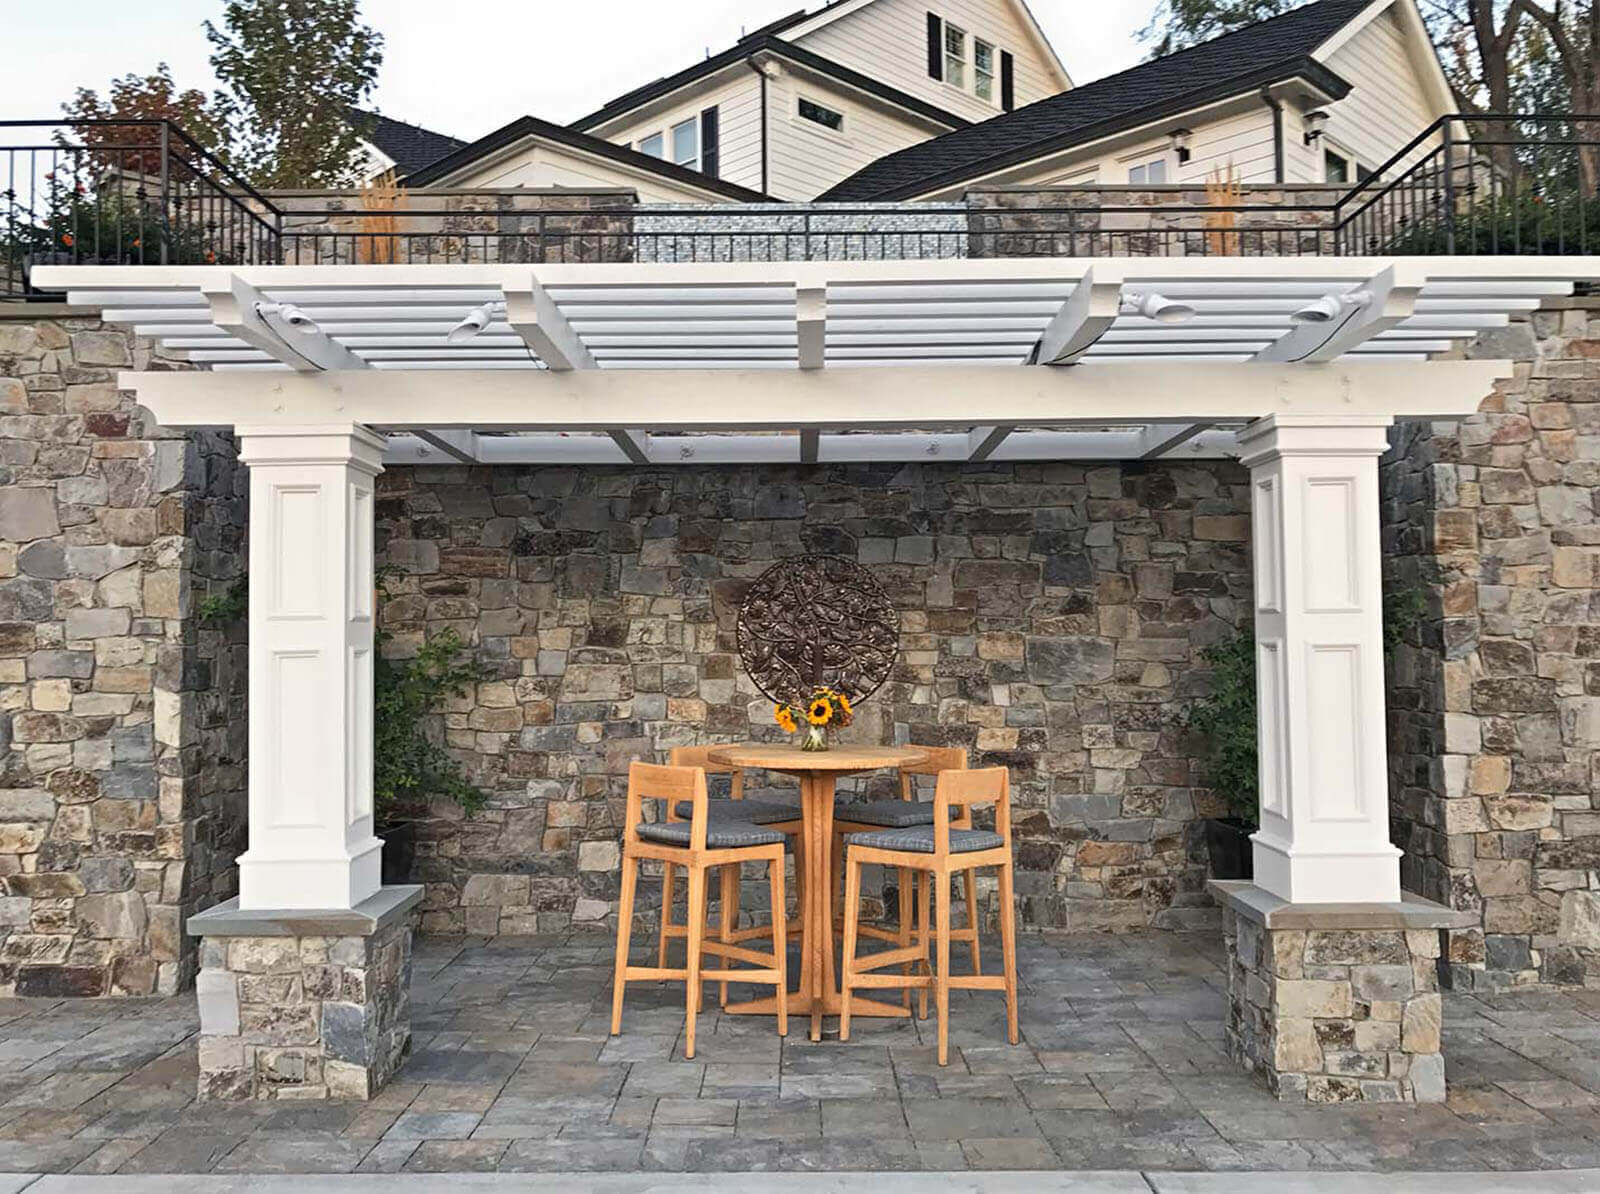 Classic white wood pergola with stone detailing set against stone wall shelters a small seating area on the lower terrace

==

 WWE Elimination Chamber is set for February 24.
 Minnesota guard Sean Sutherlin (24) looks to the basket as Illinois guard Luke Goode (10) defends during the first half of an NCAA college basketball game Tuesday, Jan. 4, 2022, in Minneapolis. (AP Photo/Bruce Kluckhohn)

==

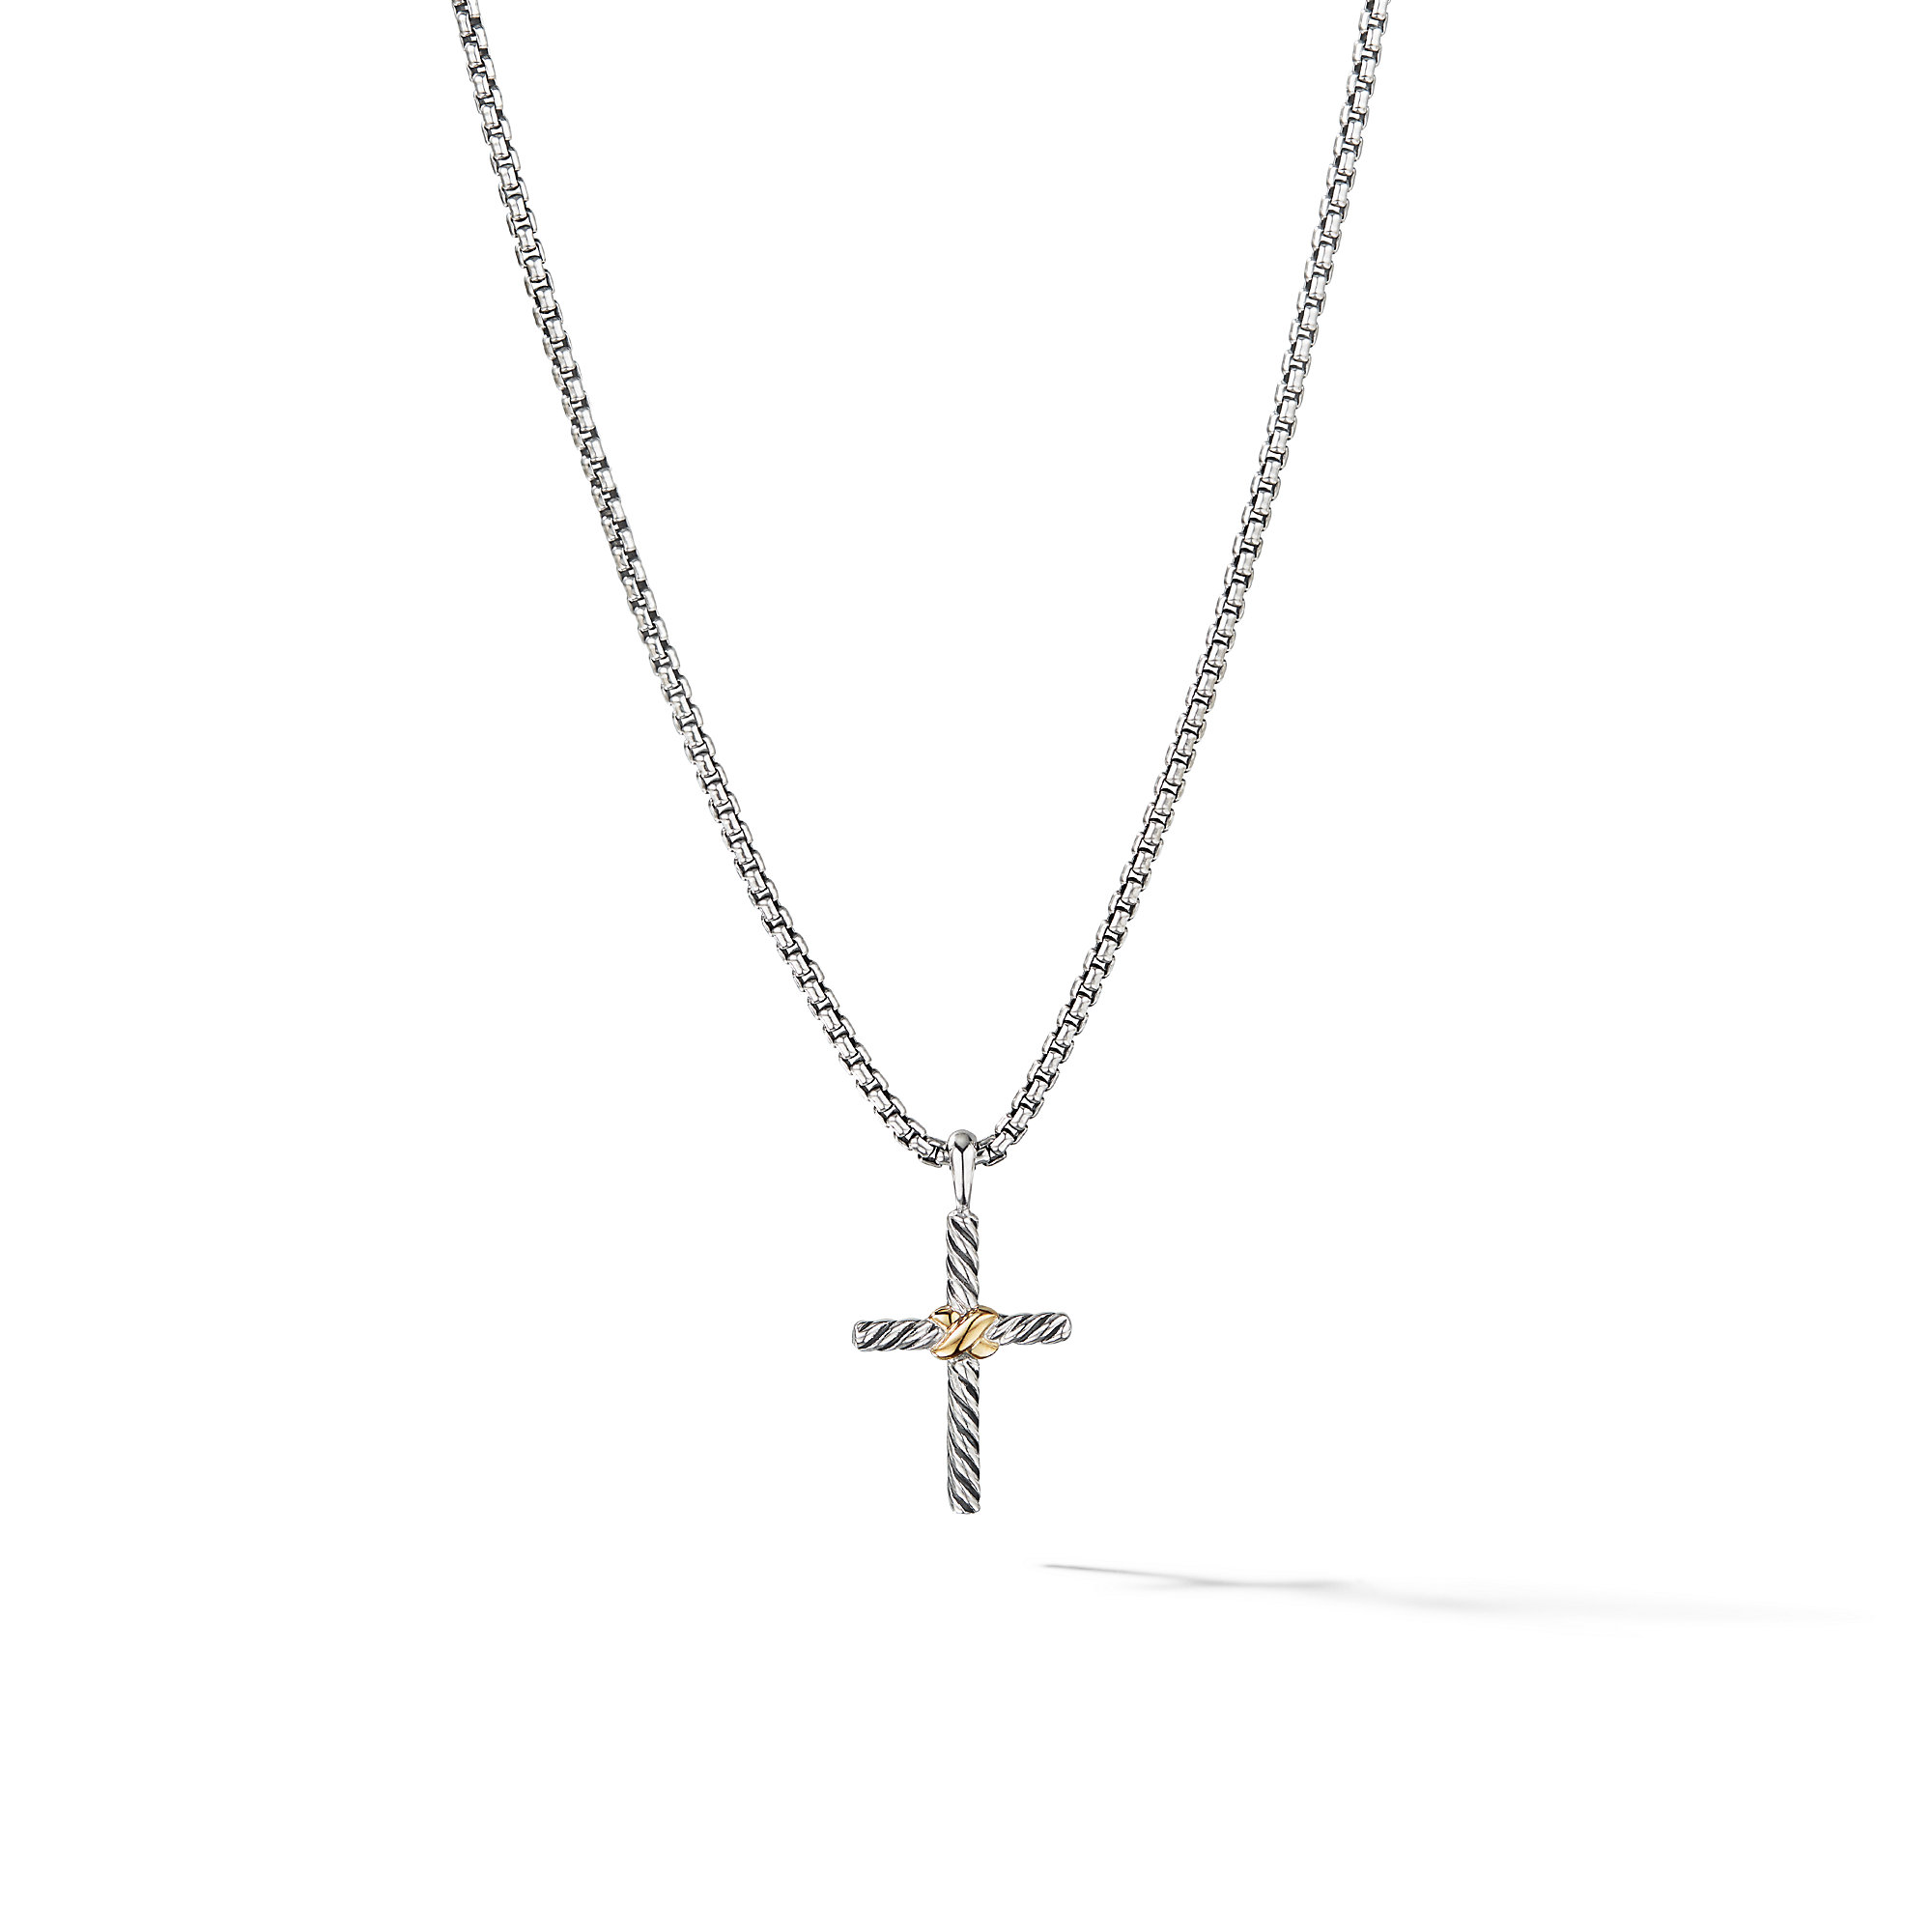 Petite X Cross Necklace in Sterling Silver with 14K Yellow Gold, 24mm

→ **Work to be completed**: Begin at the line that has "WWE Elimination Chamber" in the entries above; stop after the line that has "Minnesota guard Sean". Transcribe exactly those lines and no others.

→ **Response area**:
 WWE Elimination Chamber is set for February 24.
 Minnesota guard Sean Sutherlin (24) looks to the basket as Illinois guard Luke Goode (10) defends during the first half of an NCAA college basketball game Tuesday, Jan. 4, 2022, in Minneapolis. (AP Photo/Bruce Kluckhohn)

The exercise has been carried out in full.